Daphne looked down at the dirt and took a deep breath. It was already a hike getting up here. The cemetery itself hadn’t been hard to get into. What she hadn’t expected was the two hundred foot climb, at the back of a three-quarter mile stretch. If they weren’t in the very back corner she couldn’t imagine how. The trees protected them from sight in the darkness of the night, but if it were any lighter out, it wouldn’t be enough.

She flexed her hands in the heavy leather work gloves.  The digging had already taken a lot out of her, and it was hard to know how much longer they were going to have to keep going before they were done. She looked at the sky and tried to gauge how many hours they had until morning.

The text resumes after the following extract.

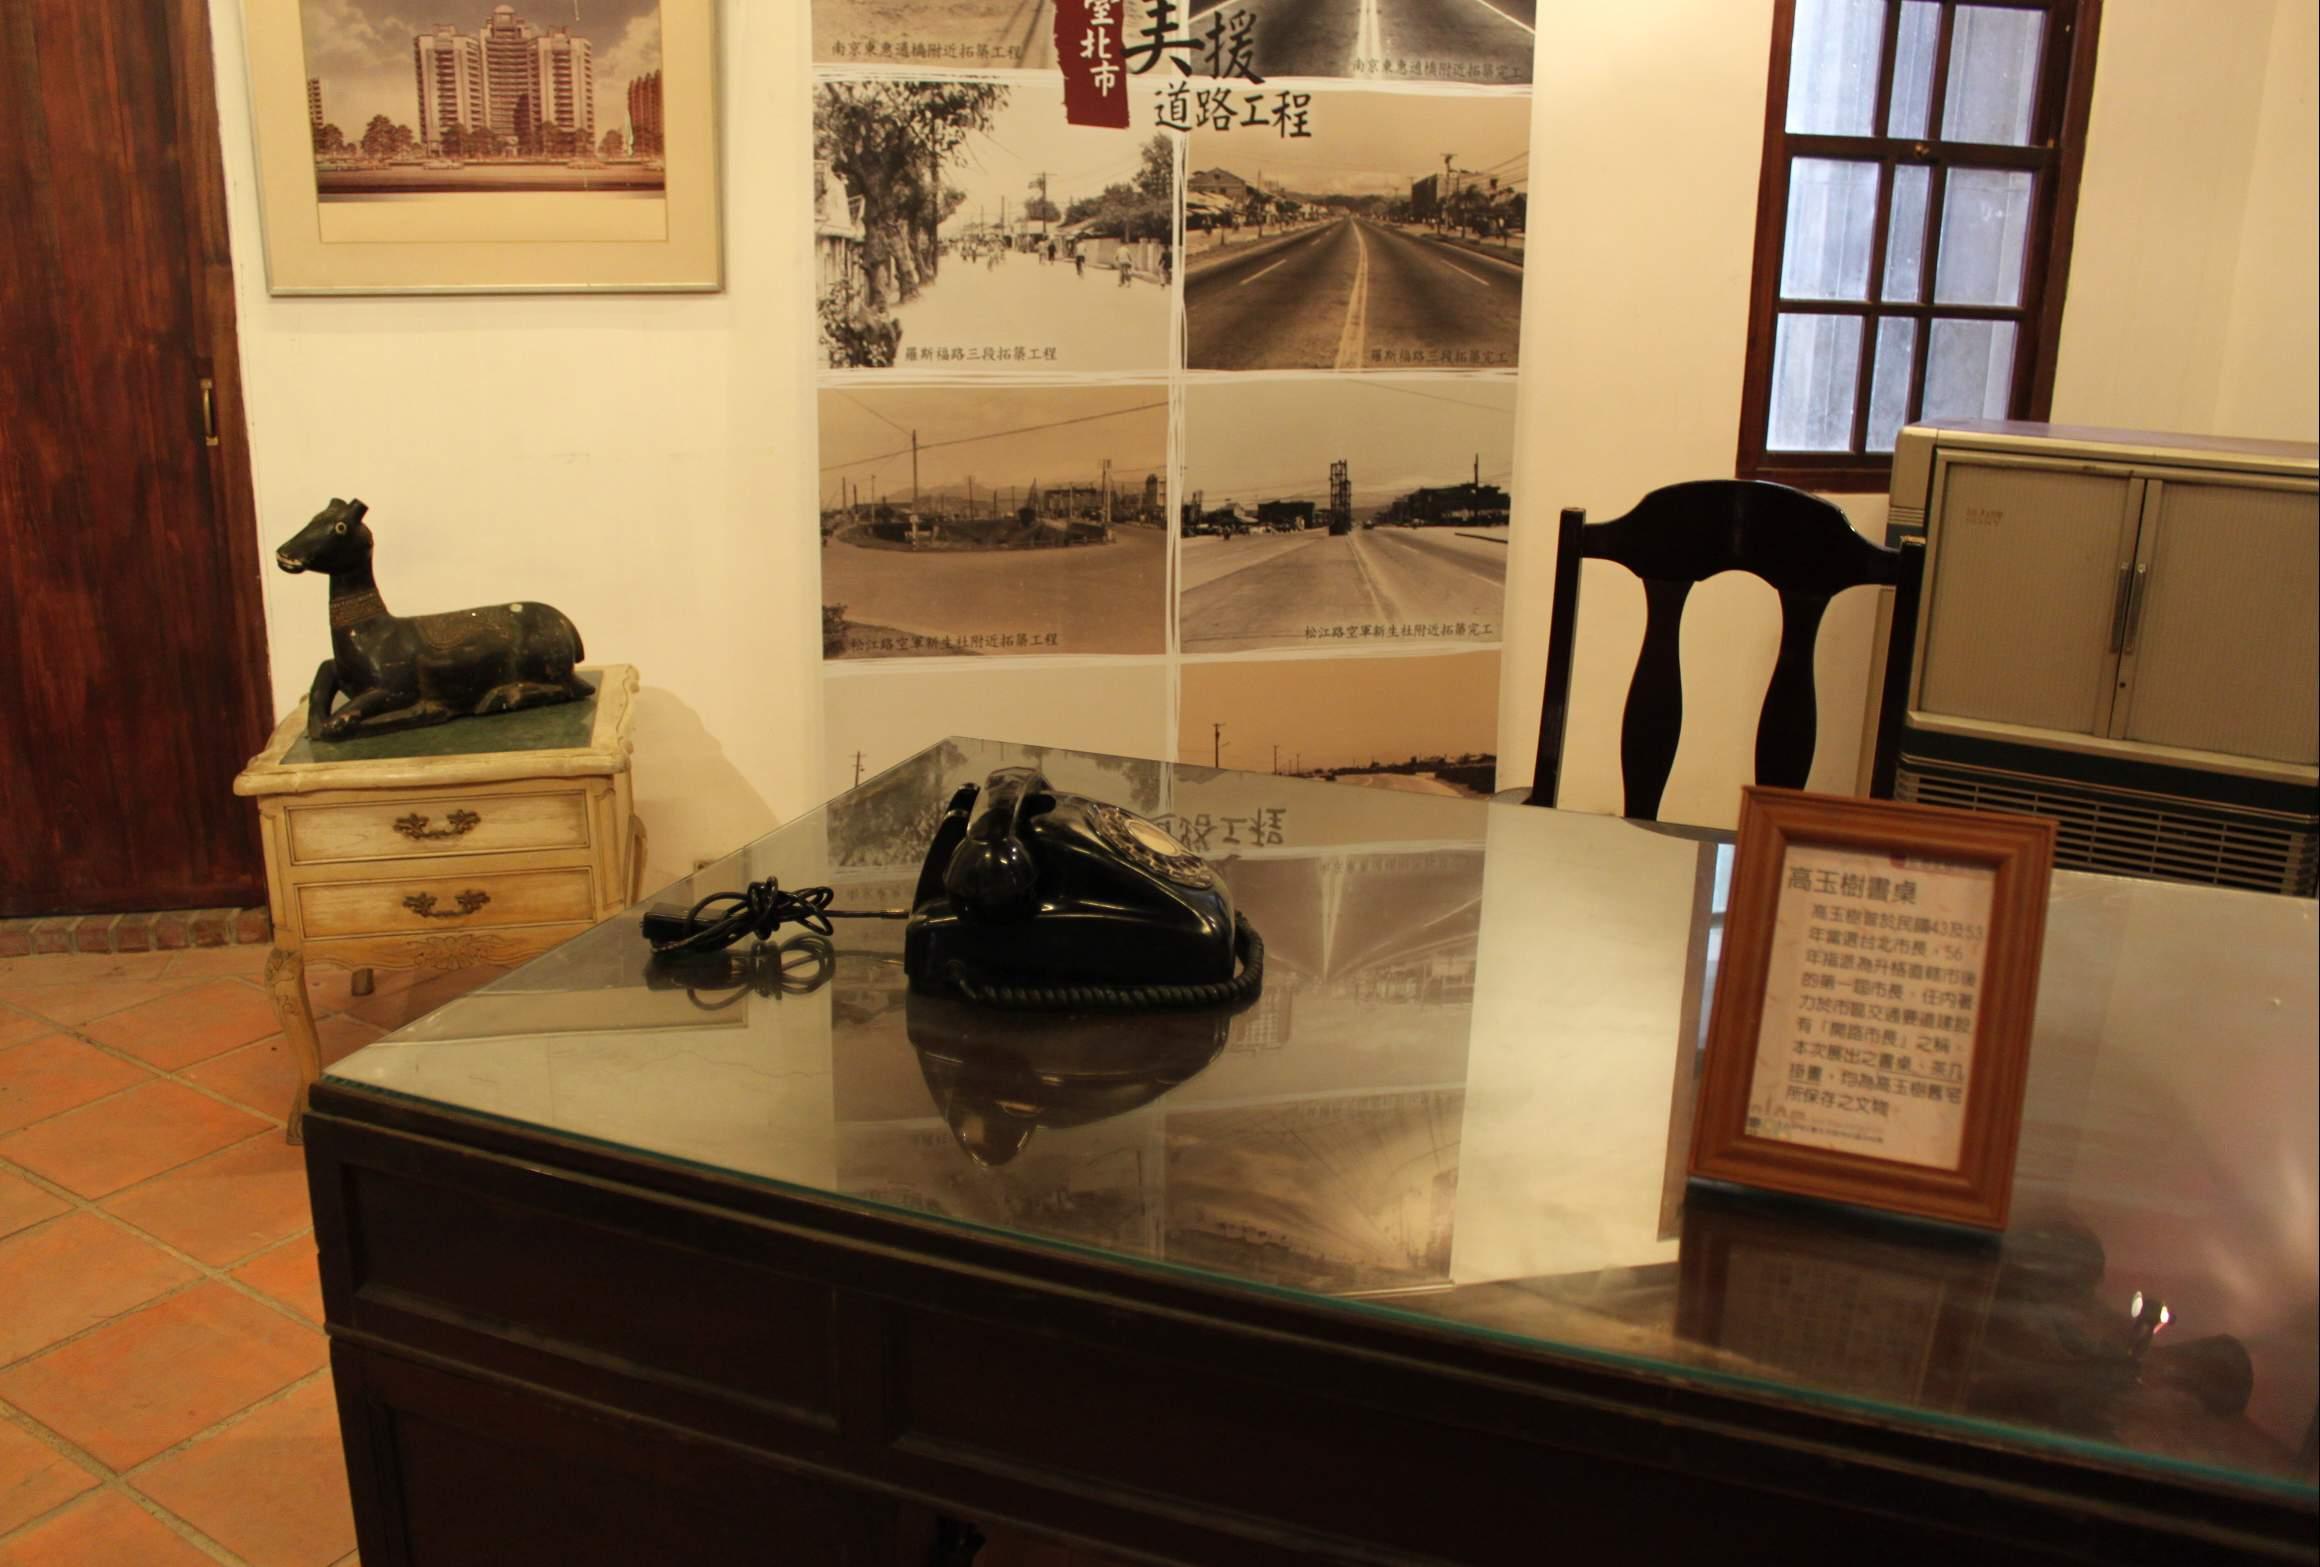 圖表:「我與臺北城市的記憶」展間

“This is—I’m very serious when I say this—but this is the worst idea I have ever heard from you or either of your two hooligan friends, and you once suggested sex on top of city hall.”

Major dug the point of a spade into the dirt and leaned on the handle. He looked up at her and smiled. “Is that still on the table, then?”

Daphne looked at him, her expression flat. “I’m not going to answer that.”

“I’m going to take that as a maybe,” he said. He tossed another shovelful across his body.

“Not maybe. I’m only doing this because you asked me to.” Her body hurt. It had been a long week. She could only imagine how much it must have ached to be doing all this digging on Major’s leg. ‘A flesh wound,’ the doctor had said. But that didn’t mean that it wasn’t dangerous to be digging around in the dirt.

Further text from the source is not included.